**Instructions to follow**
Copy the listing that follows exactly. Its pictures do not belong in the copy.

**Supplied material**
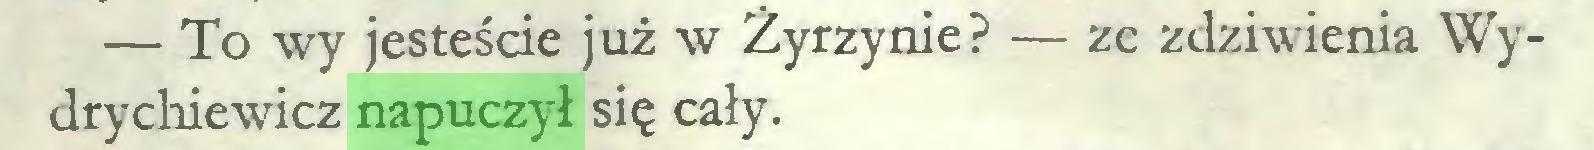 (...) — To wy jesteście już w Żyrzynie? — ze zdziwienia Wydrychiewicz napuczył się cały...
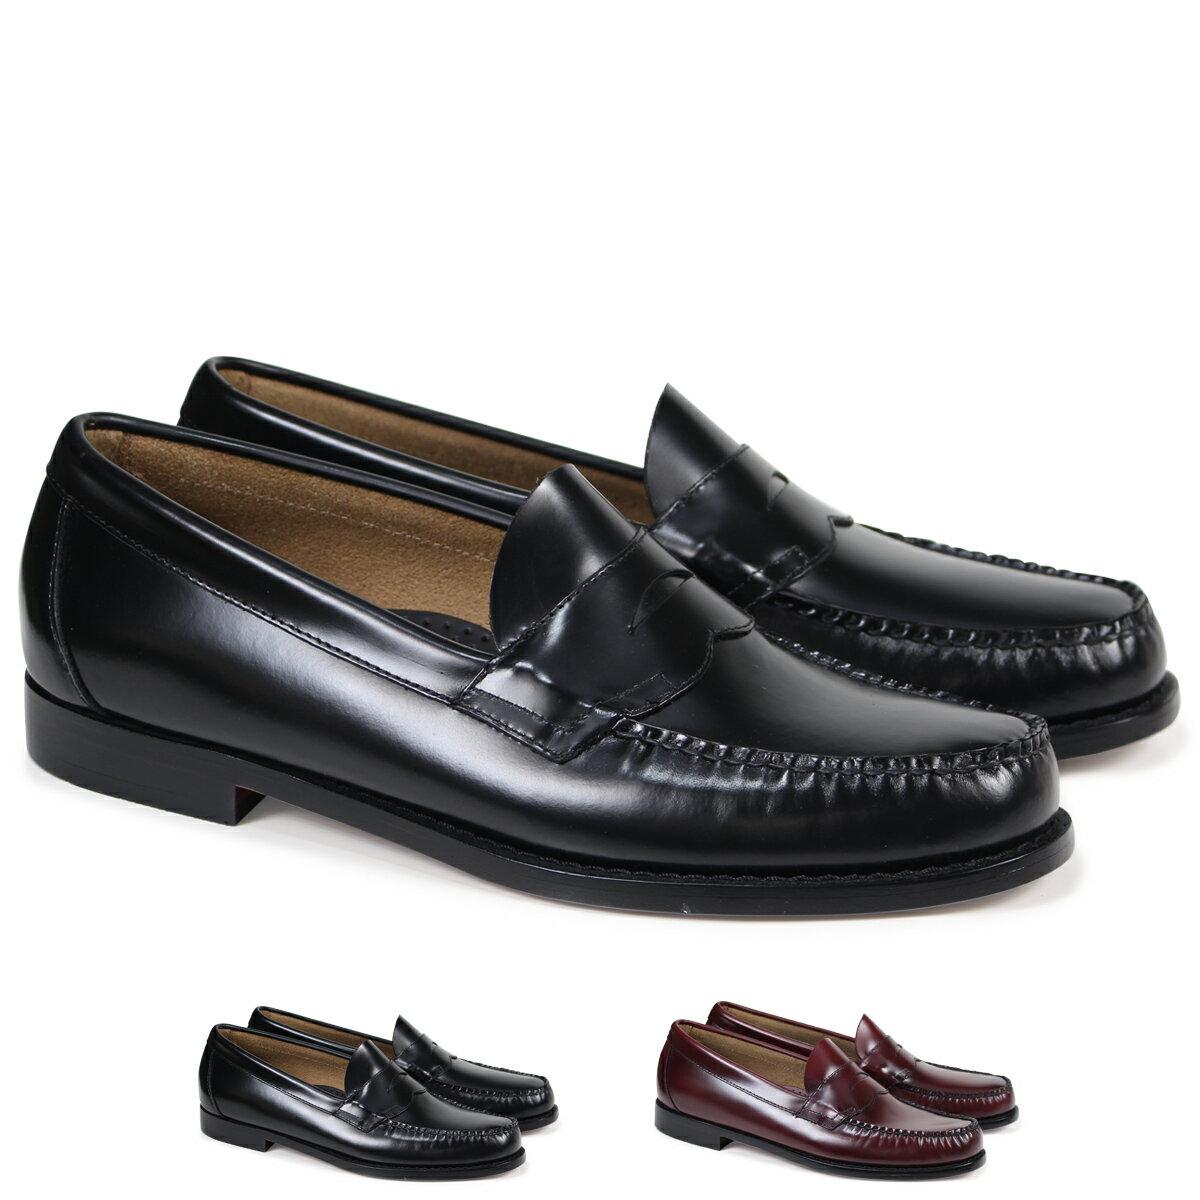 G.H. BASS LOGAN ローファー ジーエイチバス メンズ 70-10944 70-10949 靴 2カラー [1711]
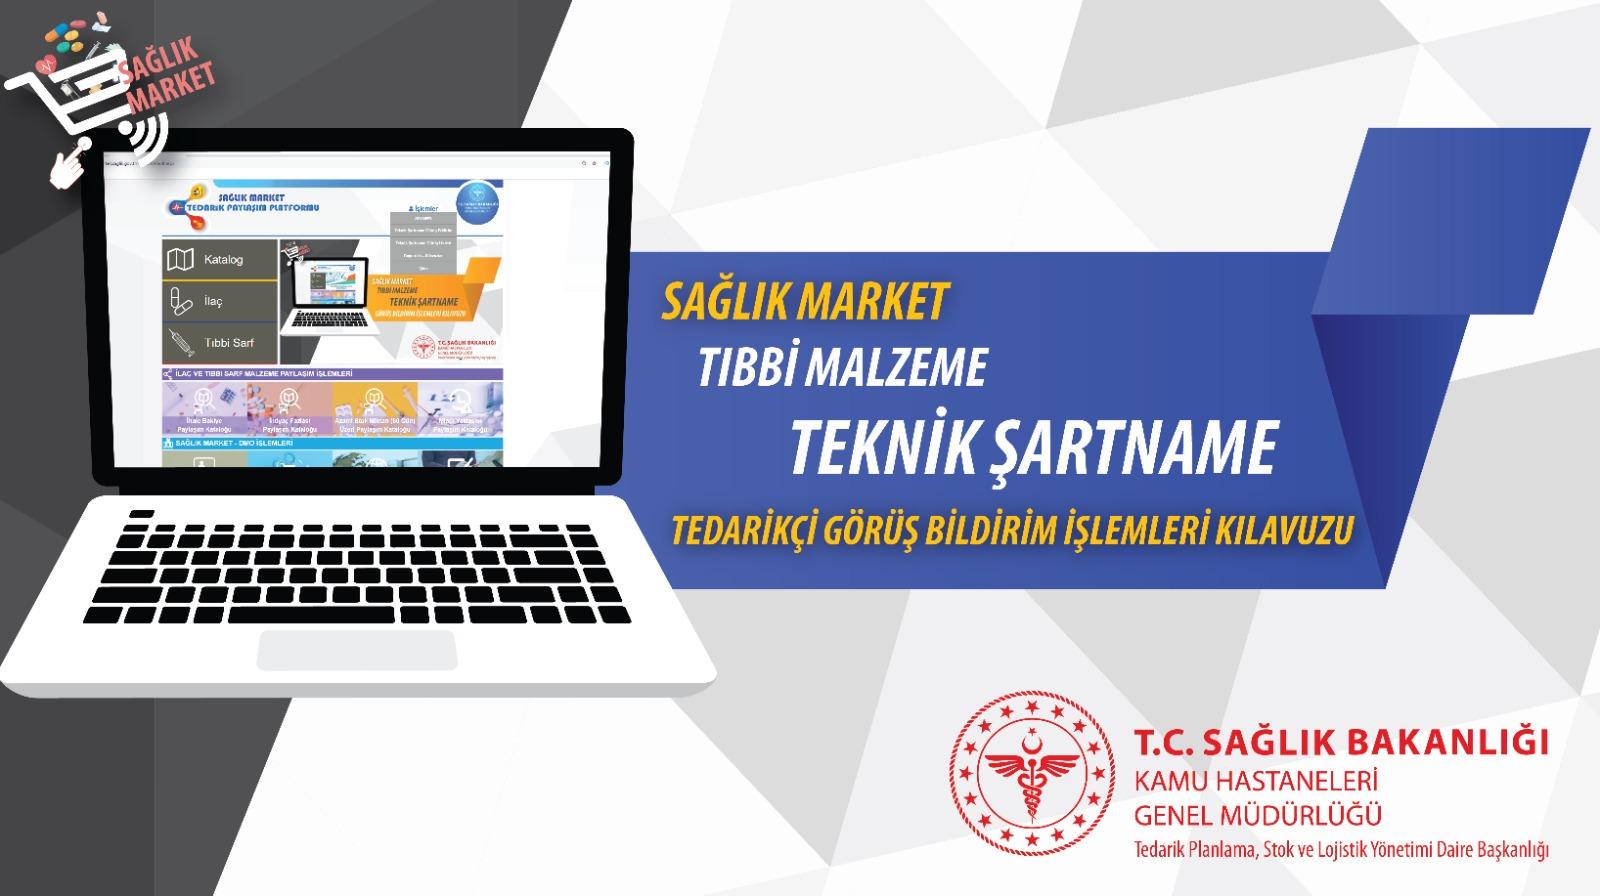 Sağlık Market Tıbbi Malzeme Teknik Şartname Görüşleri Hakkında 2
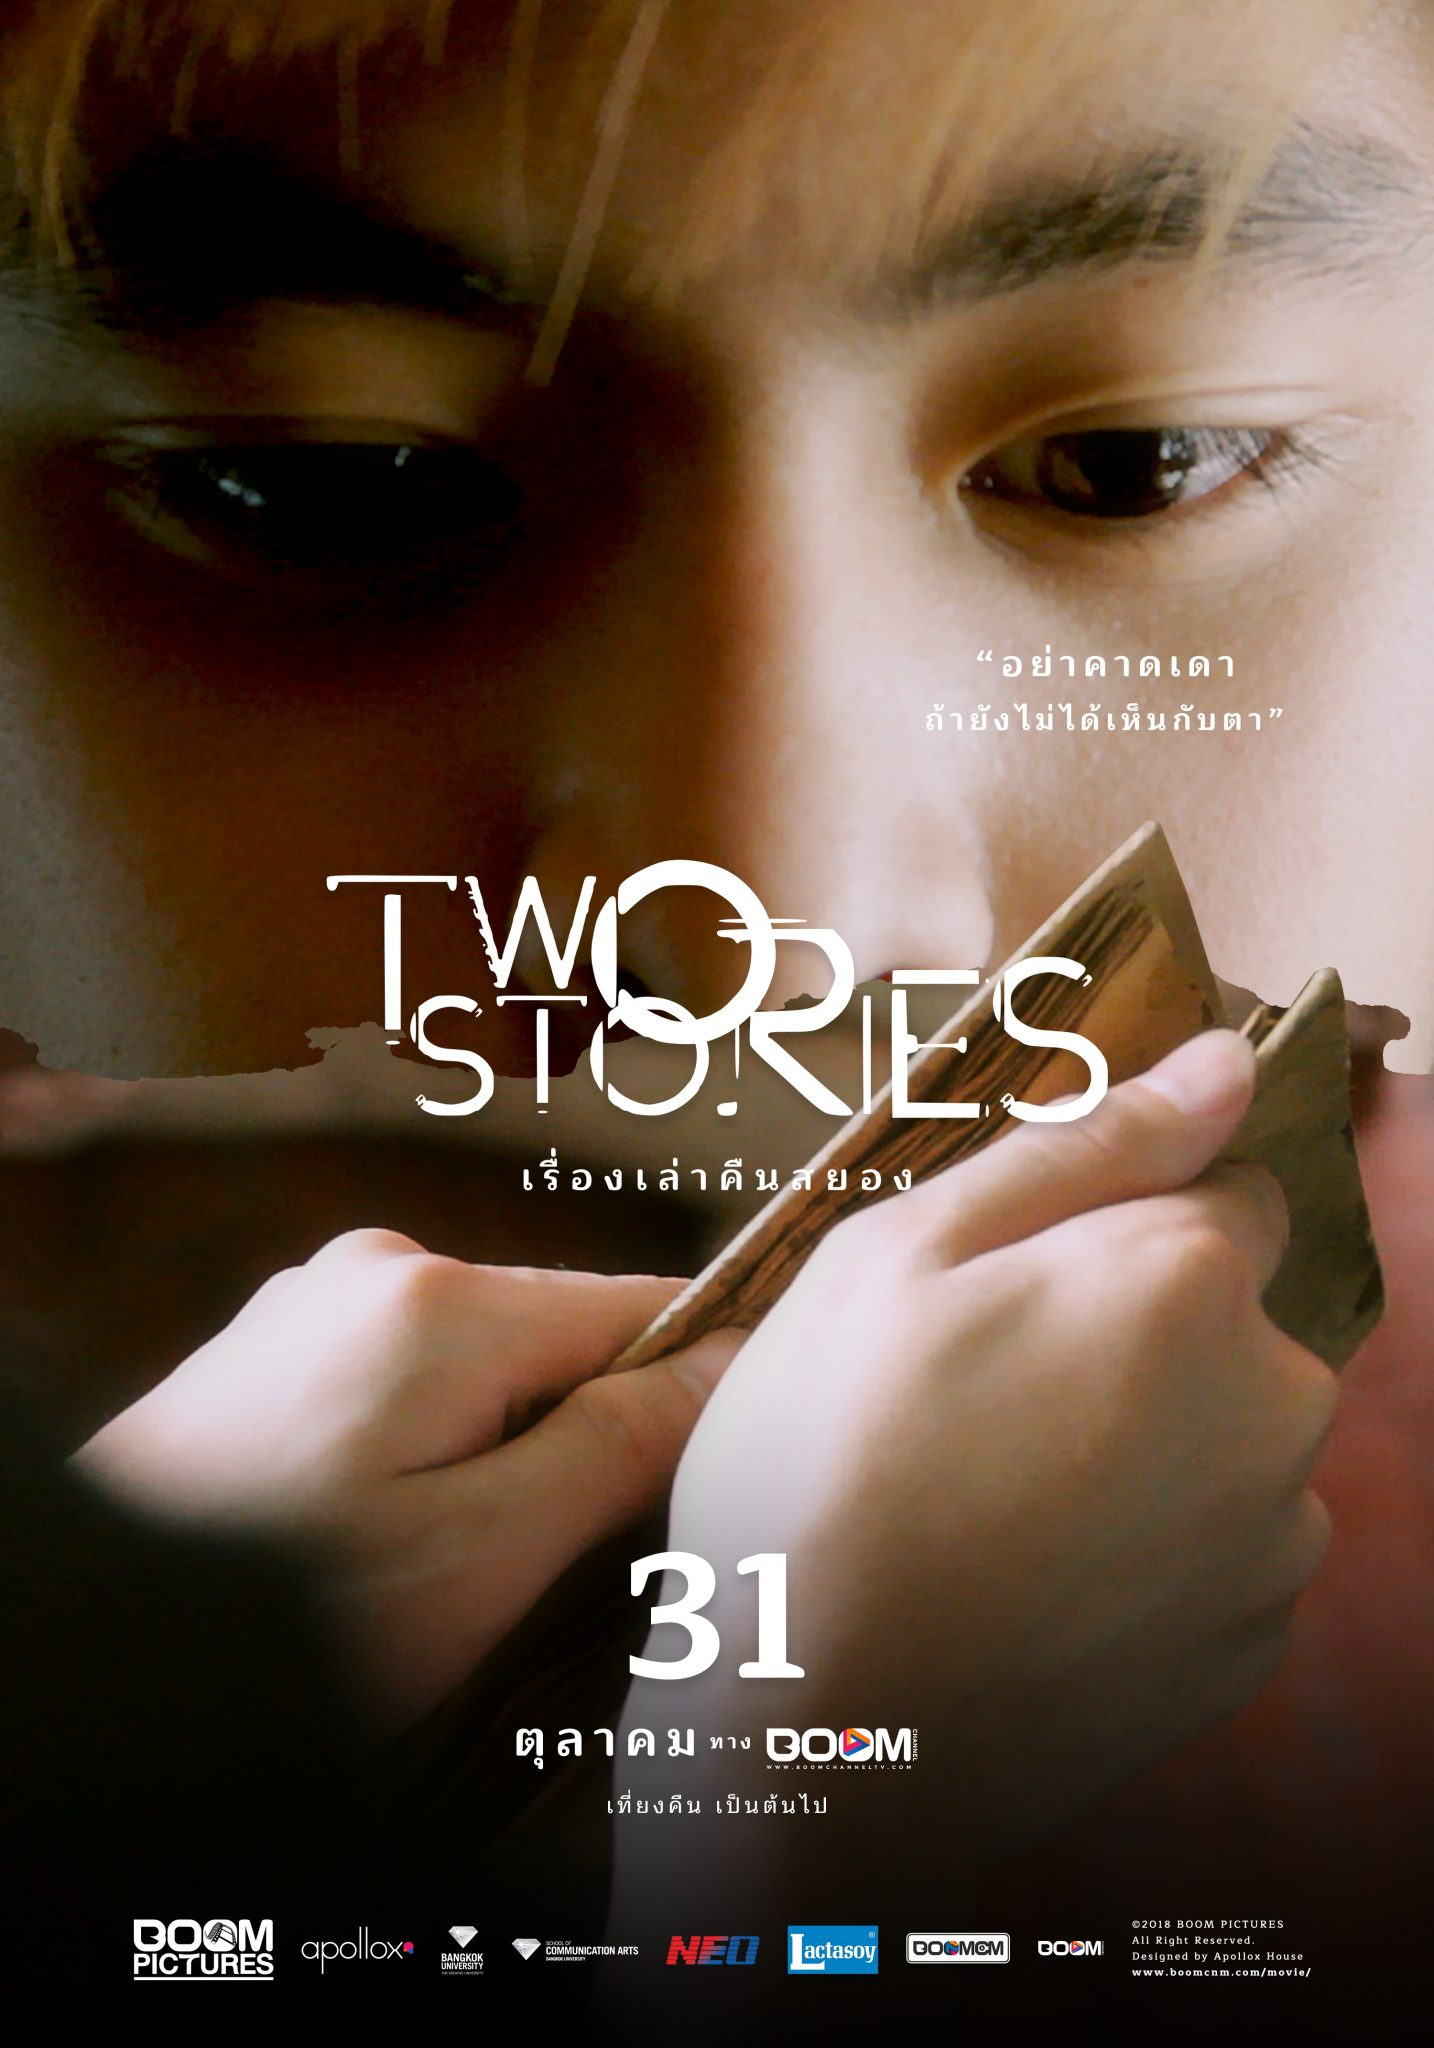 """ระทึกขวัญเรื่องล่าสุดจาก """"บูม พิคเจอร์ส"""" ใน TWOSTORIES เรื่องเล่าคืนสยอง 13 -"""

**Reply**
 (...) — To wy jesteście już w Żyrzynie? — ze zdziwienia Wydrychiewicz napuczył się cały...
 G.H. BASS LOGAN ローファー ジーエイチバス メンズ 70-10944 70-10949 靴 2カラー [1711]
 Sağlık Market Tıbbi Malzeme Teknik Şartname Görüşleri Hakkında 2
 """ระทึกขวัญเรื่องล่าสุดจาก """"บูม พิคเจอร์ส"""" ใน TWOSTORIES เรื่องเล่าคืนสยอง 13 -"""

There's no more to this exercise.